Wyndham is in the worst shape of the resort developers I know.  They simply don't seem to care about resale prices.  That will bite them in the tail at some point in the future.  The more they fight it, the harder it will be to correct when the retail buyers stop buying from them.  There is evidence that they are already being impacted.

Then, they go and create a huge tax on owners who rent points by creating an onerous $99/129 guest fee.  That's going to severely impact the one thing that was even keeping prices up where they are now.


----------



## Kozman (Oct 21, 2008)

*Guest Fees*



BocaBum99 said:


> Wyndham is in the worst shape of the resort developers I know.  They simply don't seem to care about resale prices.  That will bite them in the tail at some point in the future.  The more they fight it, the harder it will be to correct when the retail buyers stop buying from them.  There is evidence that they are already being impacted.
> 
> Then, they go and create a huge tax on owners who rent points by creating an onerous $99/129 guest fee.  That's going to severely impact the one thing that was even keeping prices up where they are now.

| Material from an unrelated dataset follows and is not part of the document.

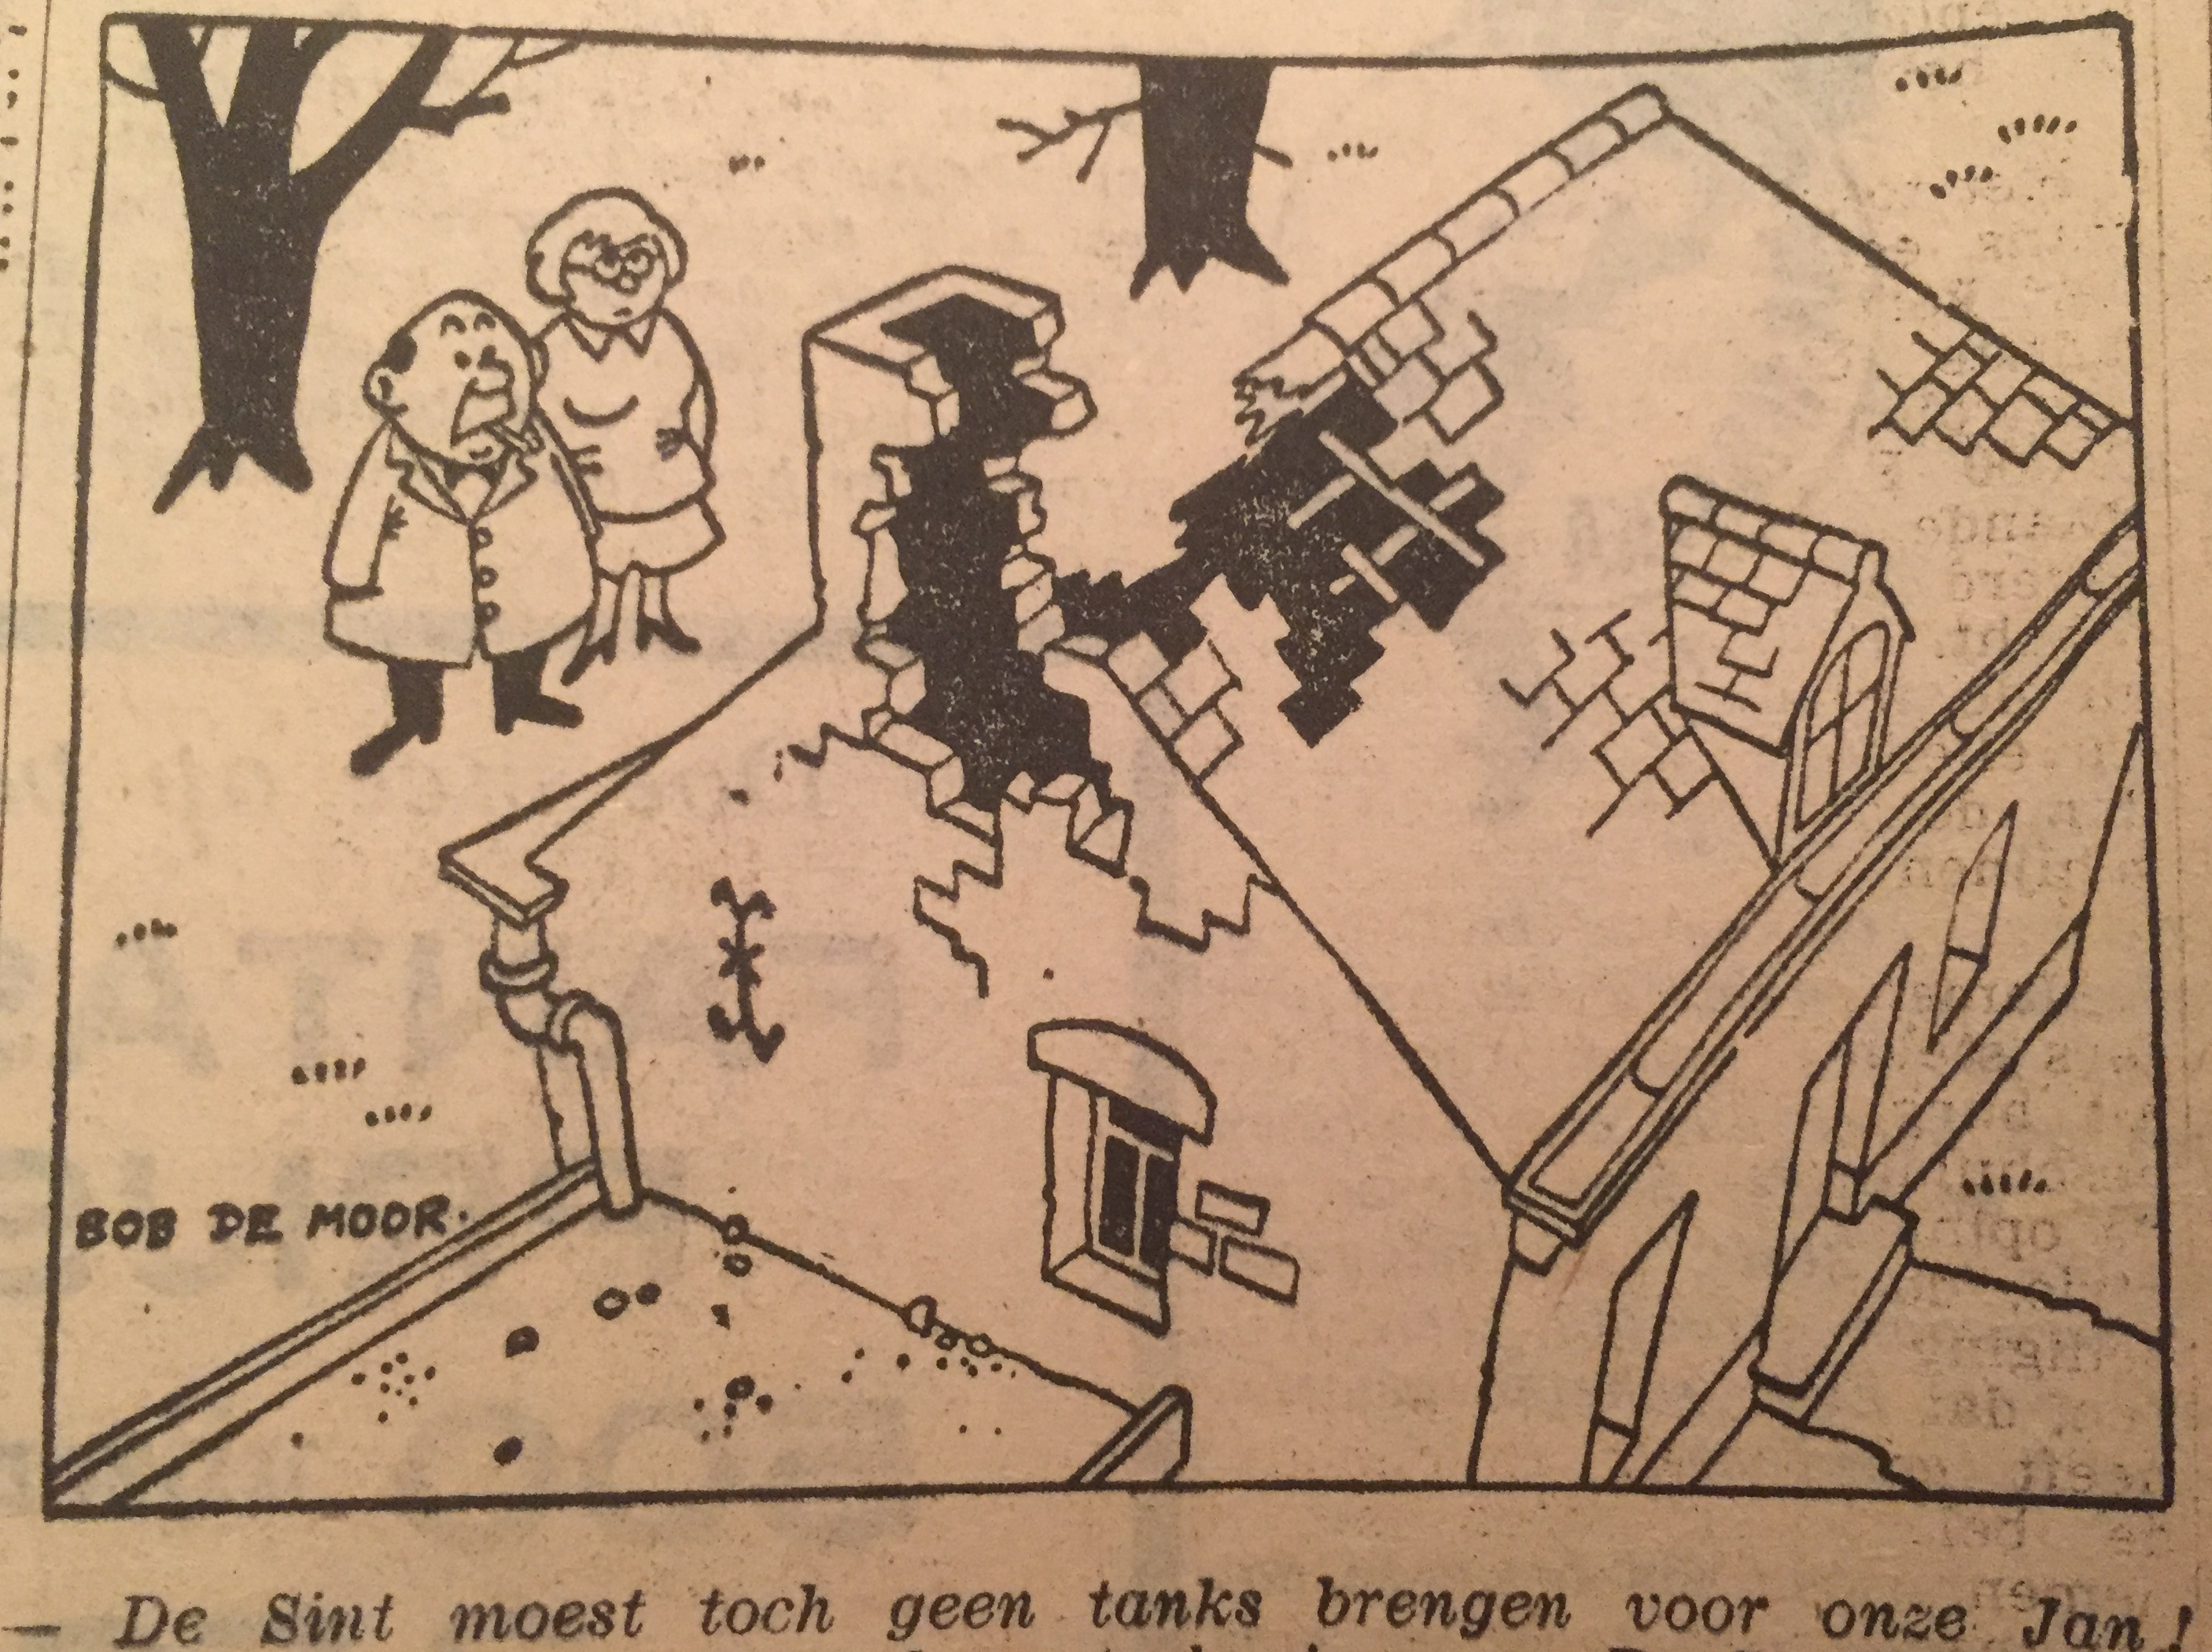 2 more 'Help Sinterklaas' cartoons surface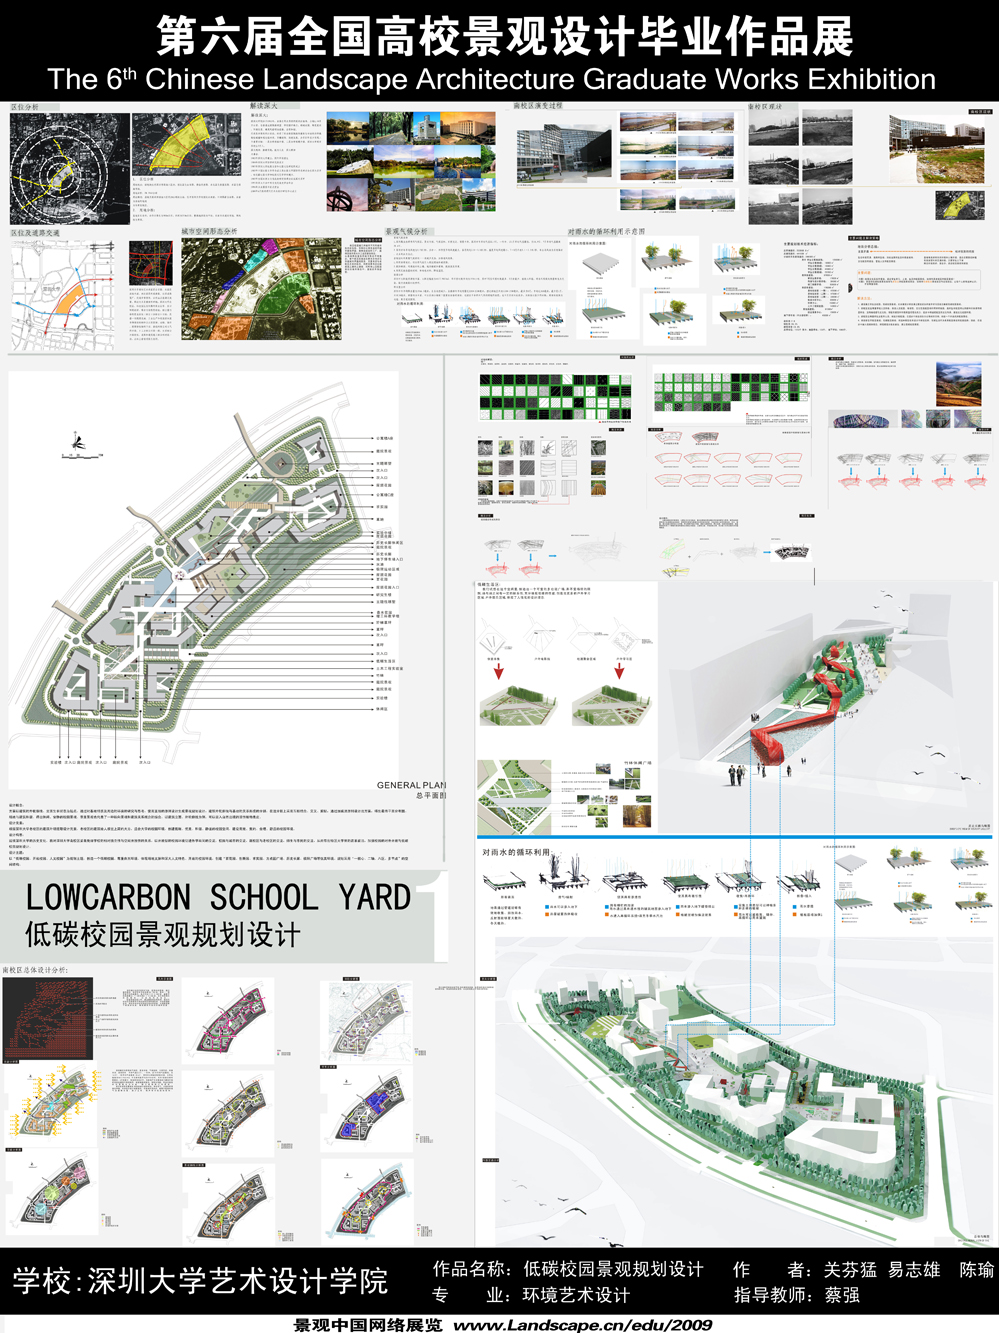 低碳校园景观规划设计-1

Actually, all FSP members will get at least one free guest confirmation with increased complimentary confirmations for VIP levels.

§  FSP Member                             1 Guest Confirmation

§  VIP Member                              5 Guest Confirmations

§  Gold VIP Member                      10 Guest Confirmations

§  Platinum VIP Member                15 Guest Confirmations per million


----------



## BocaBum99 (Oct 21, 2008)

Kozman said:


> Actually, all FSP members will get at least one free guest confirmation with increased complimentary confirmations for VIP levels.
> 
> §  FSP Member                             1 Guest Confirmation
> 
> ...



This distinction is not relevant to my assessment.  An FSP getting 1 guest certificate is irrelevent when they own 1M resale points.

If the owner has a small rental business. Having one gc vs zero is not material.

Also, if an owner with 1M points just wants to have family members use their points, they have to pay a $99/129 fee after the first guest.  That will reduce the number of points a family owns to what they feel they can reasonably use each year.

Both of these facts will serve to reduce resale demand for points which further hurts resale values.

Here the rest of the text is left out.